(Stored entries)
--*--

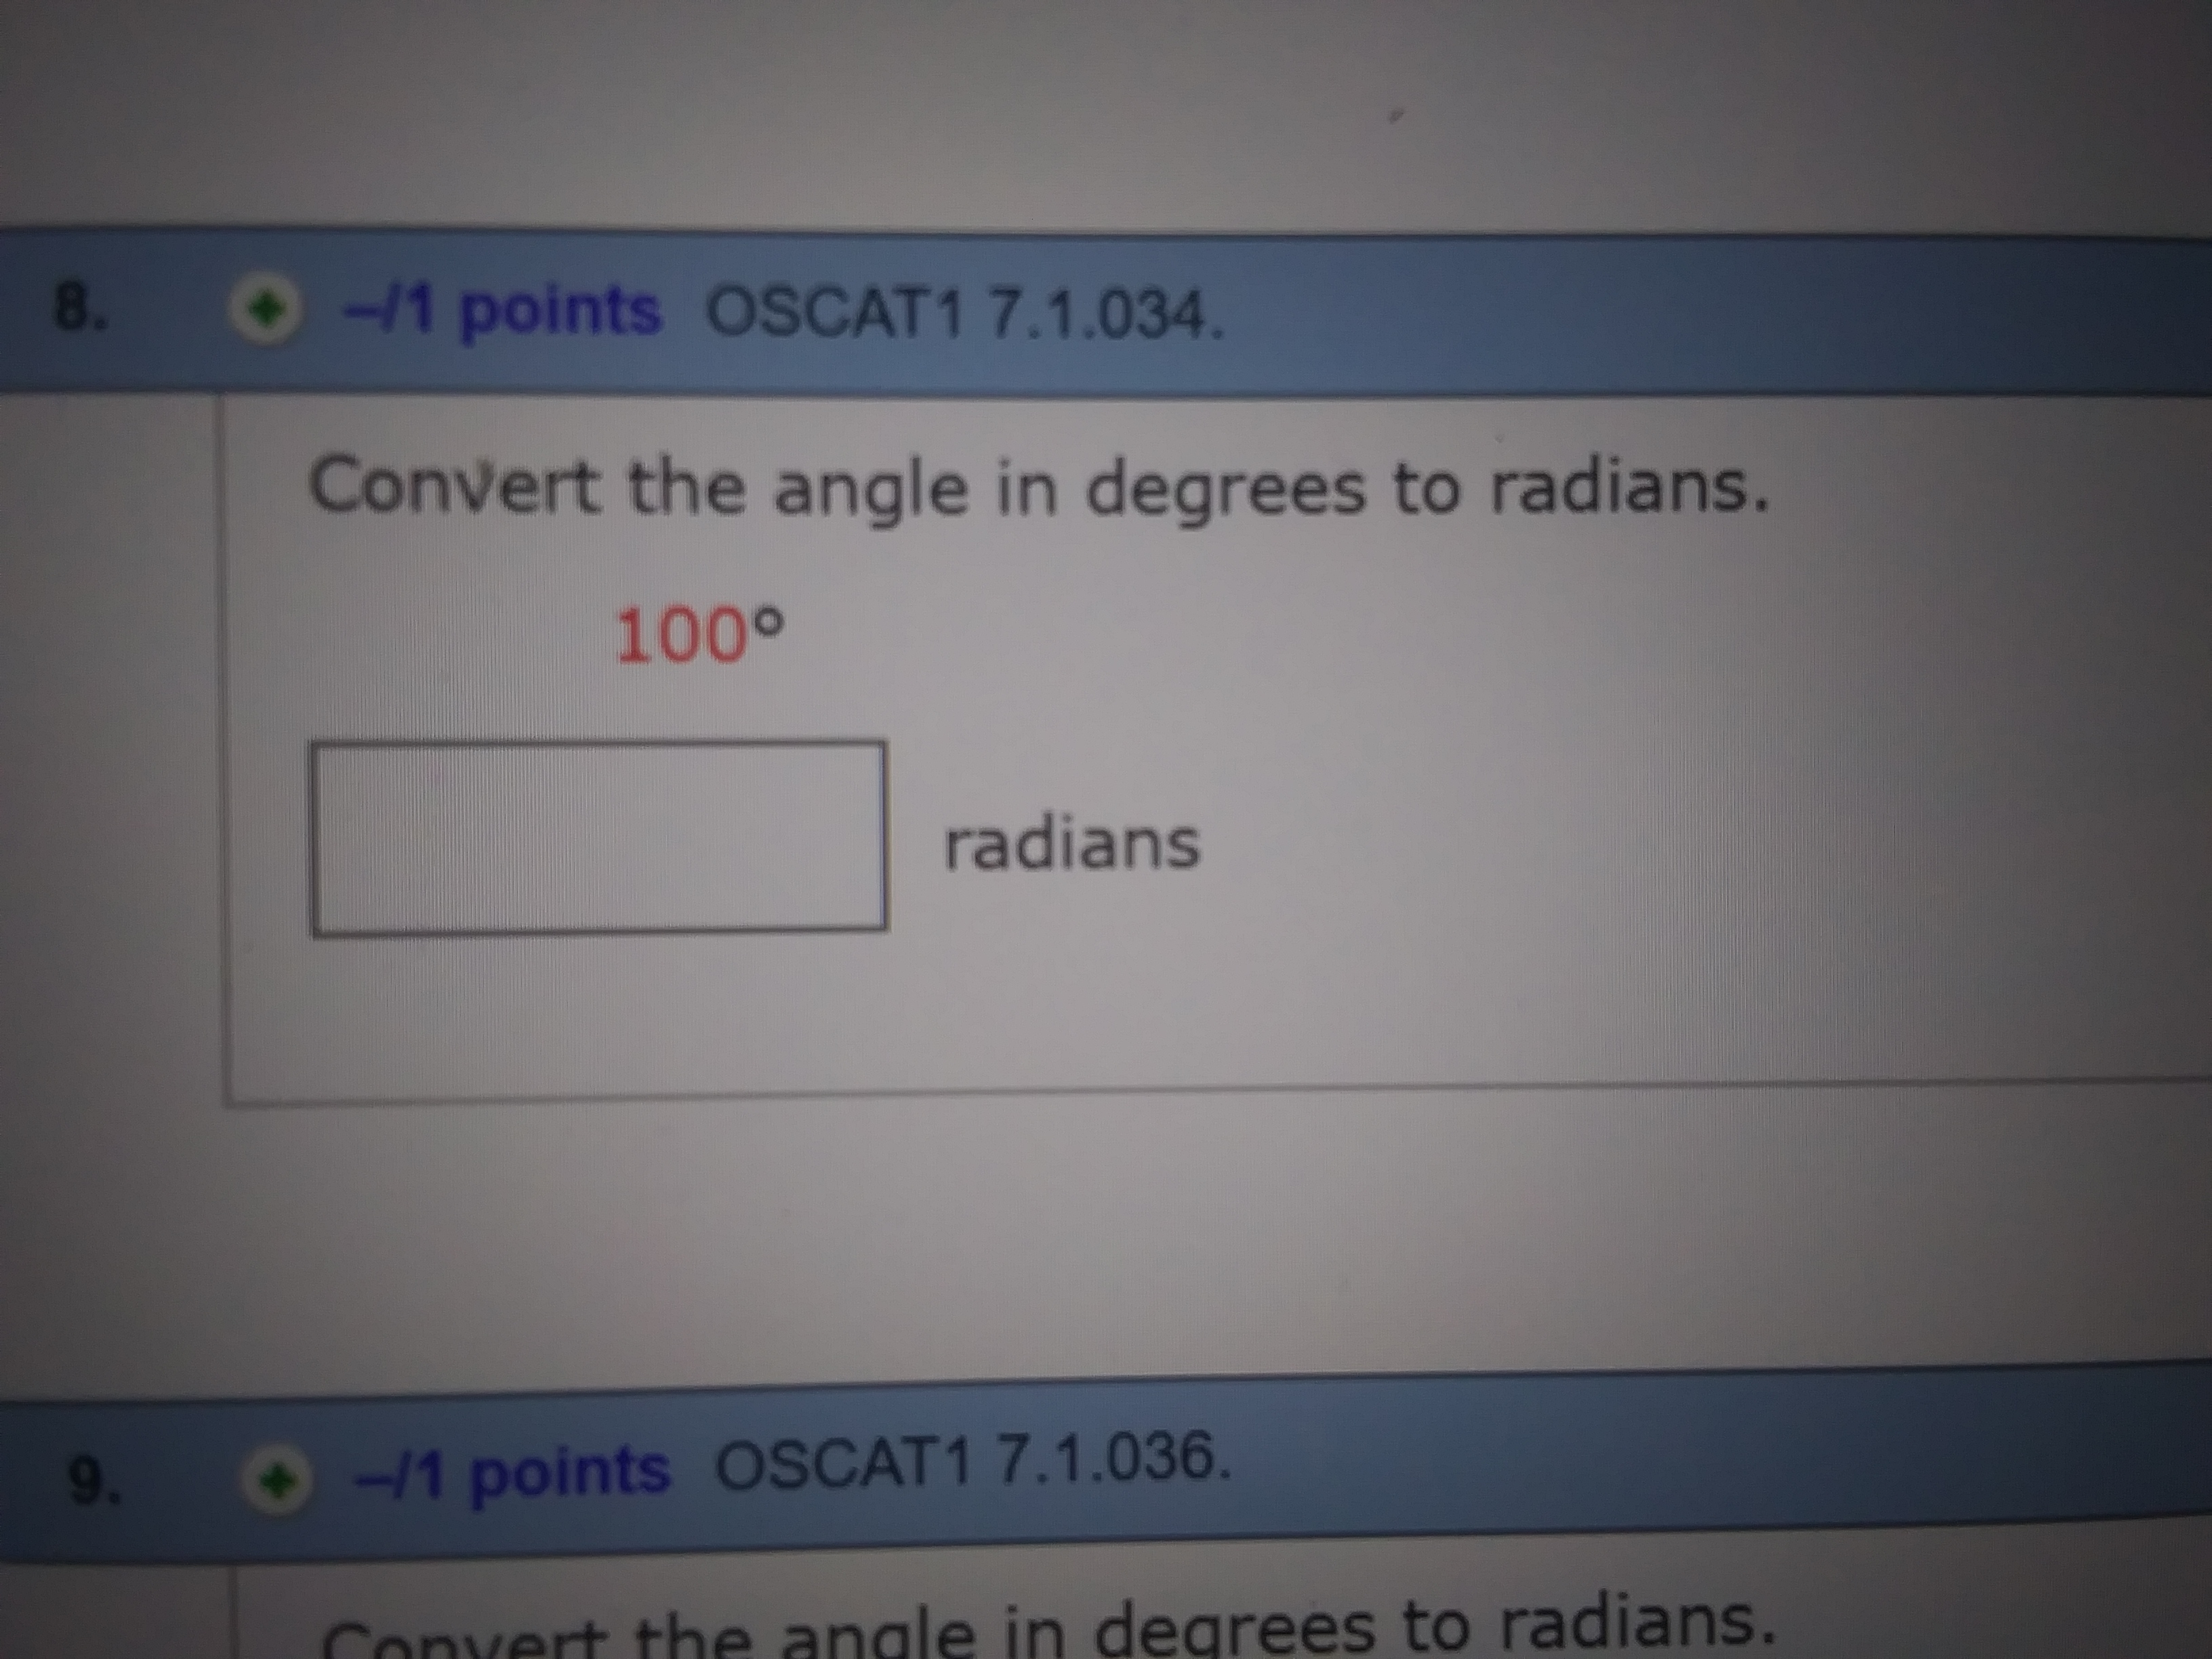 8.
-/1 points OSCAT1 7.1.034.
Convert the angle in degrees to radians.
100°
radians
9 1 points OSCAT1 7.1.036.
Convert the anale in degrees to radians.

--*--

Copy whichever lines of the records above contain the word "points".

Completed task:
-/1 points OSCAT1 7.1.034.
9 1 points OSCAT1 7.1.036.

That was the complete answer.